What this means: You cannot use mzt run my-job.yaml --escalation. The CLI exits with an error:

--escalation requires interactive console prompts which are not available in daemon mode. Escalation is not currently supported.

Why: The daemon runs jobs as background tasks without an attached terminal. Interactive console prompts have no UI surface to display through.

Workaround: None currently. The escalation feature exists in the codebase (src/marianne/learning/store/escalation.py) but has no supported execution path.

Status: Blocked until the dashboard or IPC layer supports interactive prompts.


No Output Streaming

Execution is batch-oriented. stdout and stderr are captured after each sheet completes, not streamed in real time.

What this means:

  • You cannot watch AI output as it generates
  • stdout_tail in the state file is truncated to the last 500 characters (for log display) or ~10 KB (for self-healing diagnostic context)
  • Long-running sheets provide no progress indication until completion

Why: The asyncio.create_subprocess_exec backend collects output via communicate(), which buffers until process exit. Streaming would require line-by-line reads with significant complexity for timeout handling.

Relevant constants (from src/marianne/core/constants.py):

Constant Value Purpose
TRUNCATE_STDOUT_TAIL_CHARS 500 Log display truncation
HEALING_CONTEXT_TAIL_CHARS 10,000 Self-healing diagnostic context

Workaround: For long jobs, use mzt status <job> --watch to poll completion state, or tail -f workspace/marianne.log for log-level updates.

Status: Permanent for the current architecture.


Daemon Internals

Legacy Runner Still Available

The baton (src/marianne/daemon/baton/) is now the default execution engine (use_baton: true), providing event-driven per-sheet dispatch, per-instrument concurrency, timer-based retry, rate limit auto-resume, and restart recovery. The legacy monolithic runner remains available as a fallback.

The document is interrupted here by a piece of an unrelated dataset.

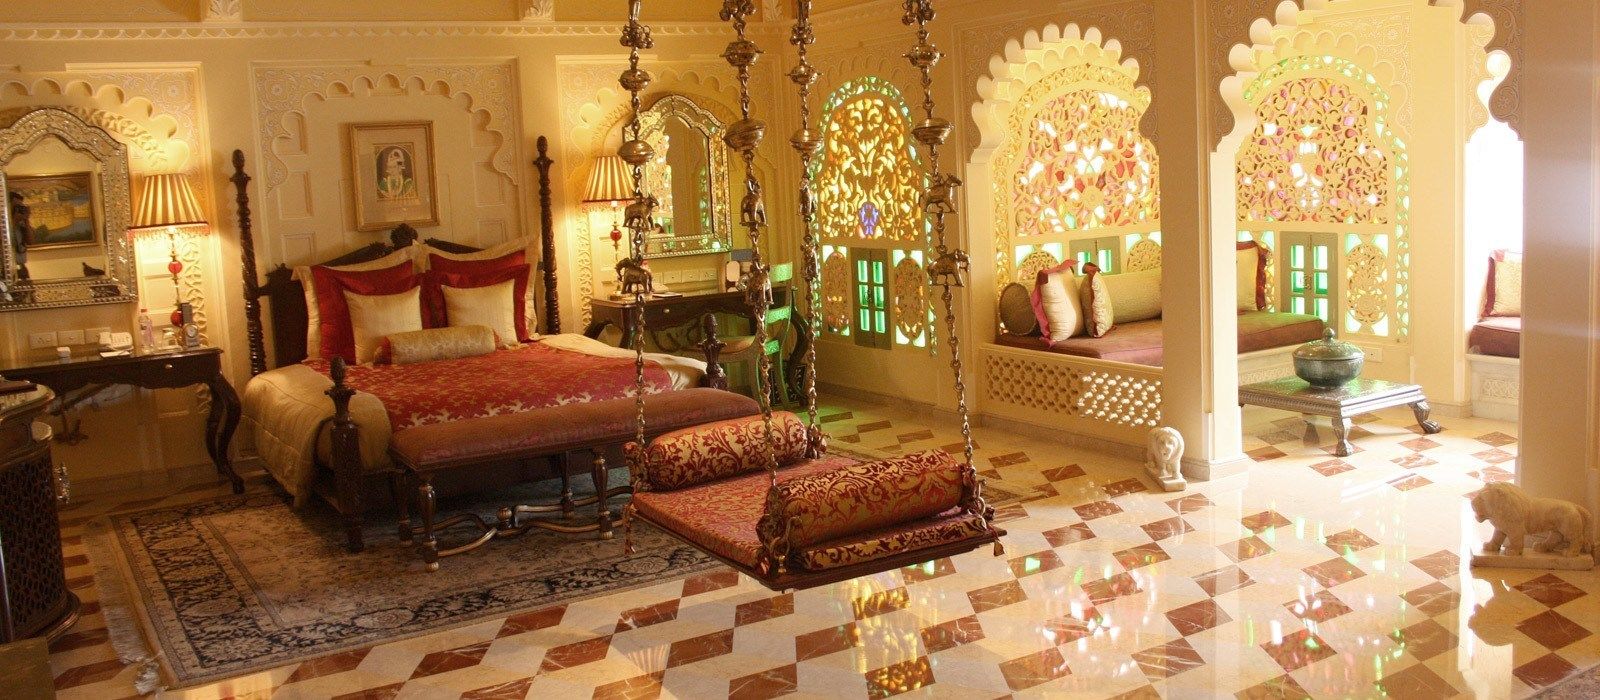 Temple room. Taj Lake Palace спа зона. Indian Palace inside. Indian Palace Suite Royal. Belgian Palace Bedrooms.

What this means: Jobs run via the baton by default. Set use_baton: false in ~/.marianne/conductor.yaml to fall back to the legacy runner if needed.

Impact of legacy fallback: The legacy runner ignores per-sheet instrument assignments — it uses a single backend regardless of per-sheet configuration. Rate limit handling is also less sophisticated.

Status: Baton is default (Phase 2 complete). Phase 3 (remove the toggle) will delete the legacy runner entirely. A three-phase transition plan is documented in the Daemon Guide.


Single-Machine Only

Marianne runs on a single machine. There is no distributed execution, remote workers, or cluster mode.

What this means:

  • The daemon binds to a local Unix socket for IPC
  • Worktree isolation creates local git worktrees
  • All concurrent jobs share the same machine's CPU, memory, and network

Why: The Unix socket IPC layer (src/marianne/daemon/ipc/) is inherently local. Distributed coordination would require a fundamentally different architecture (message queues, consensus protocols, distributed state).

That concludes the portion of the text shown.